Work item. Every line below needs to be transcribed without alteration, and no image may be carried over.

Collected data.

*** Block opens ***

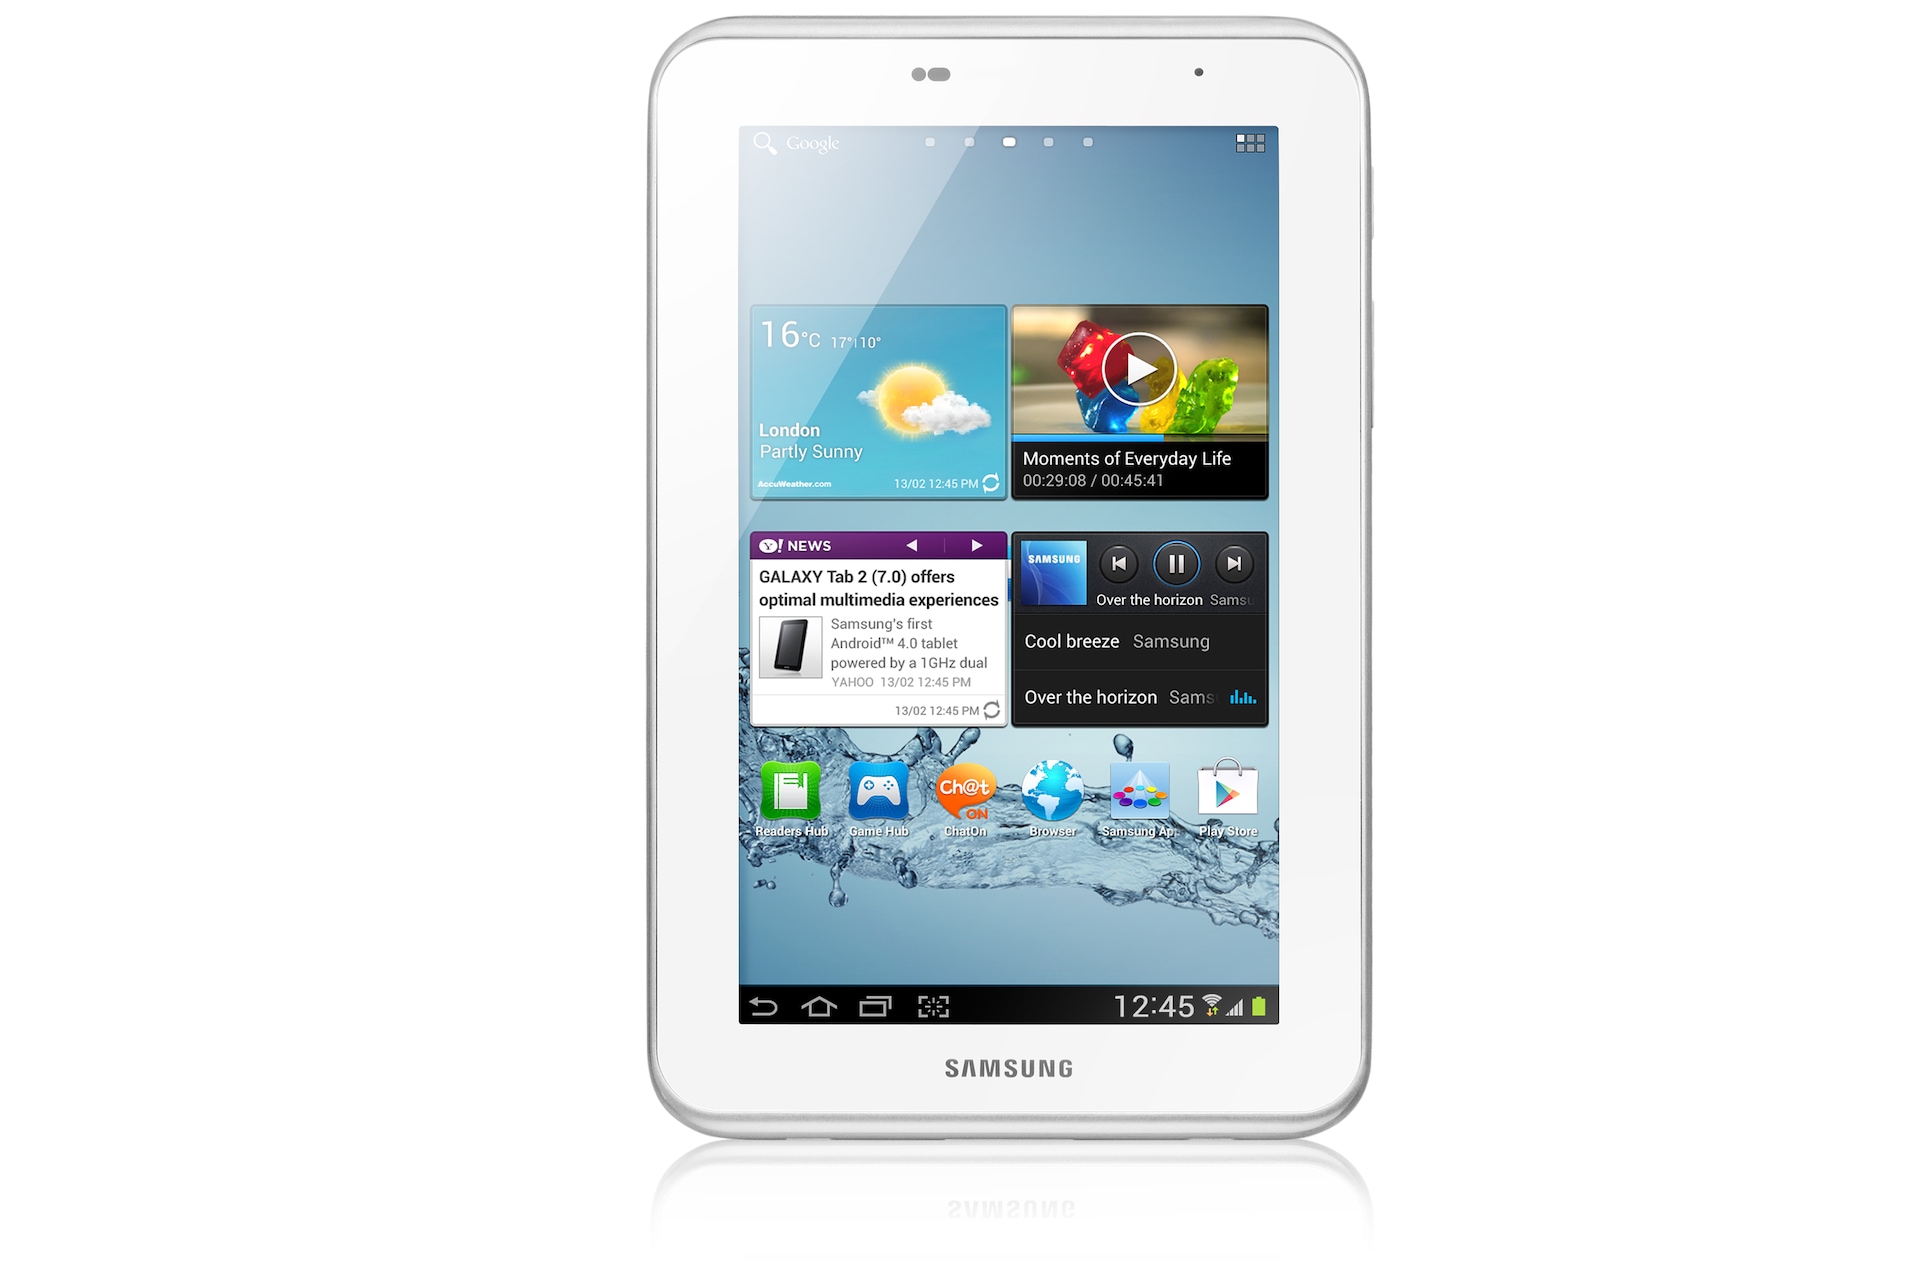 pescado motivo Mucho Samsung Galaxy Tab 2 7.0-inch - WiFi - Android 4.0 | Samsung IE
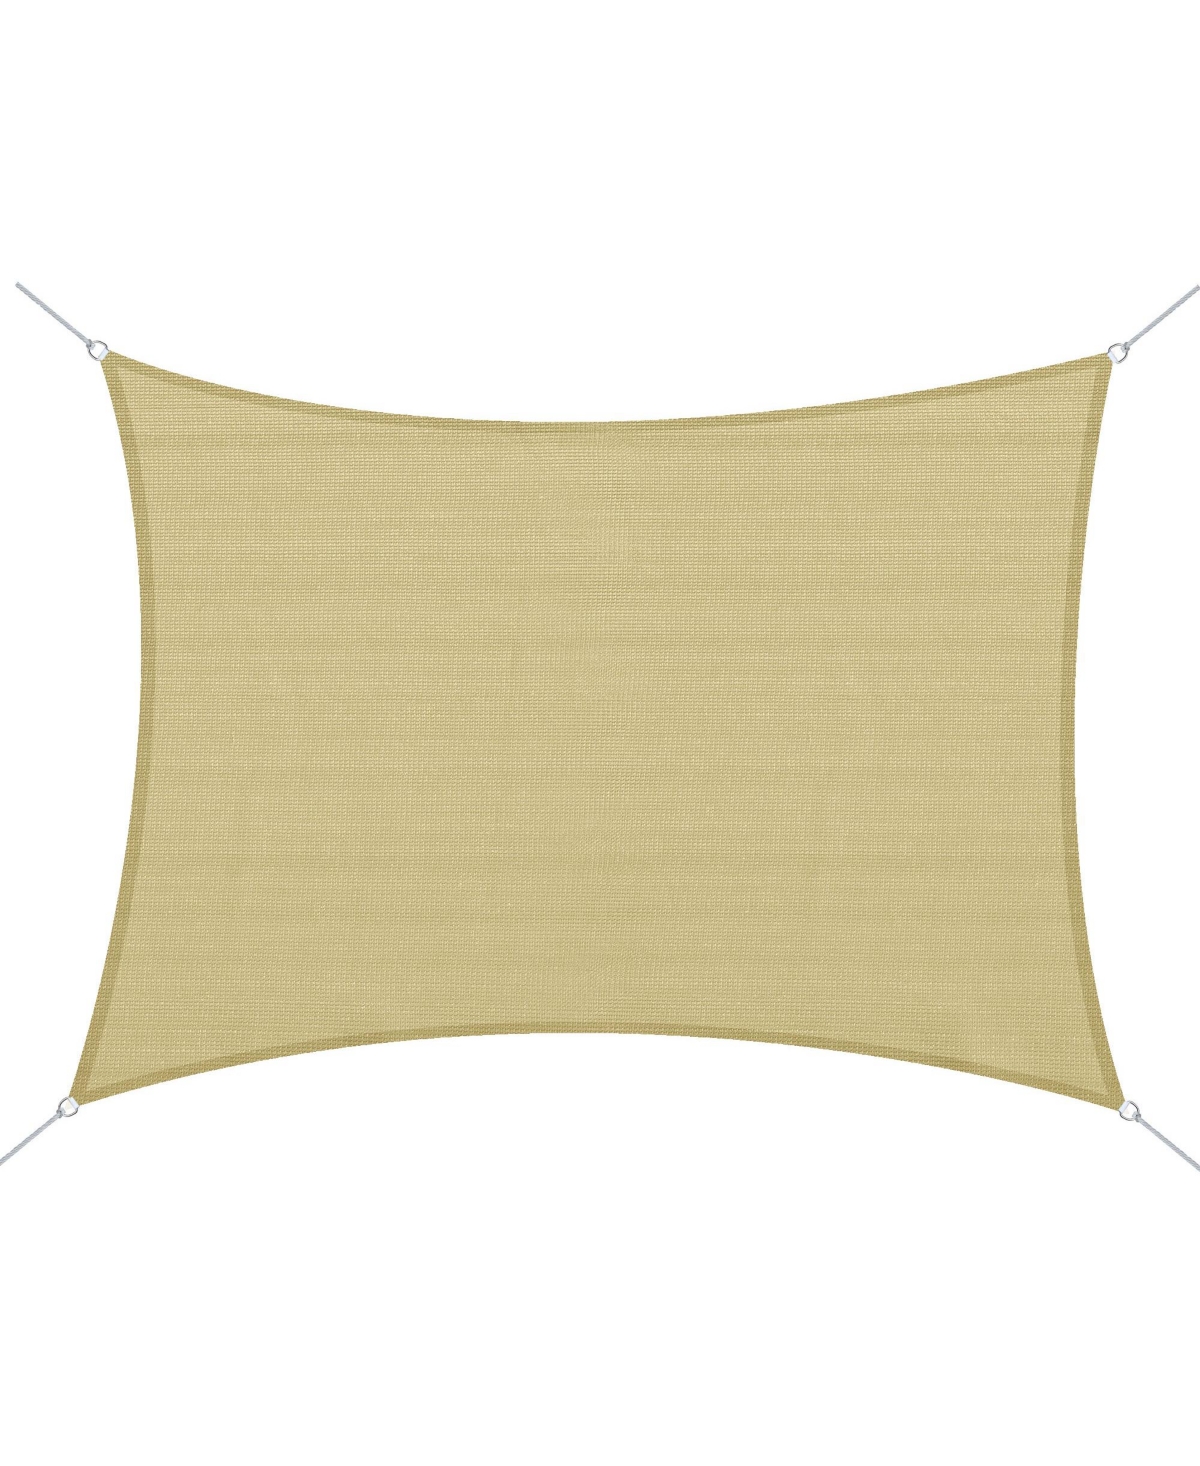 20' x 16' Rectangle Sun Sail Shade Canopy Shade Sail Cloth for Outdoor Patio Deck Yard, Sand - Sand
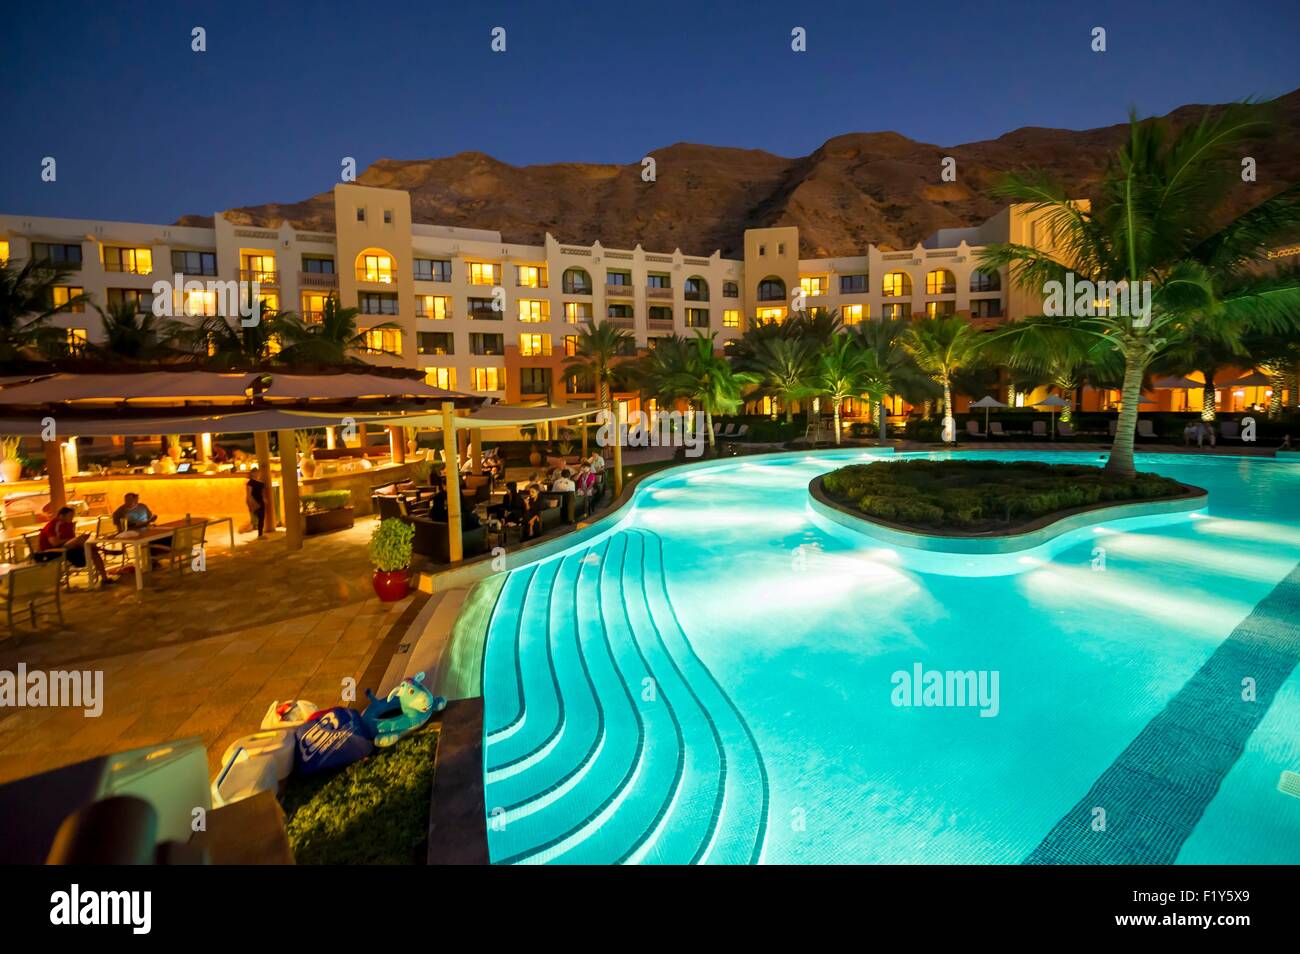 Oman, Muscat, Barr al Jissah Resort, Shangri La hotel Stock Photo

*** Block closes ***

Answer below.
 pescado motivo Mucho Samsung Galaxy Tab 2 7.0-inch - WiFi - Android 4.0 | Samsung IE
 20' x 16' Rectangle Sun Sail Shade Canopy Shade Sail Cloth for Outdoor Patio Deck Yard, Sand - Sand
 Oman, Muscat, Barr al Jissah Resort, Shangri La hotel Stock Photo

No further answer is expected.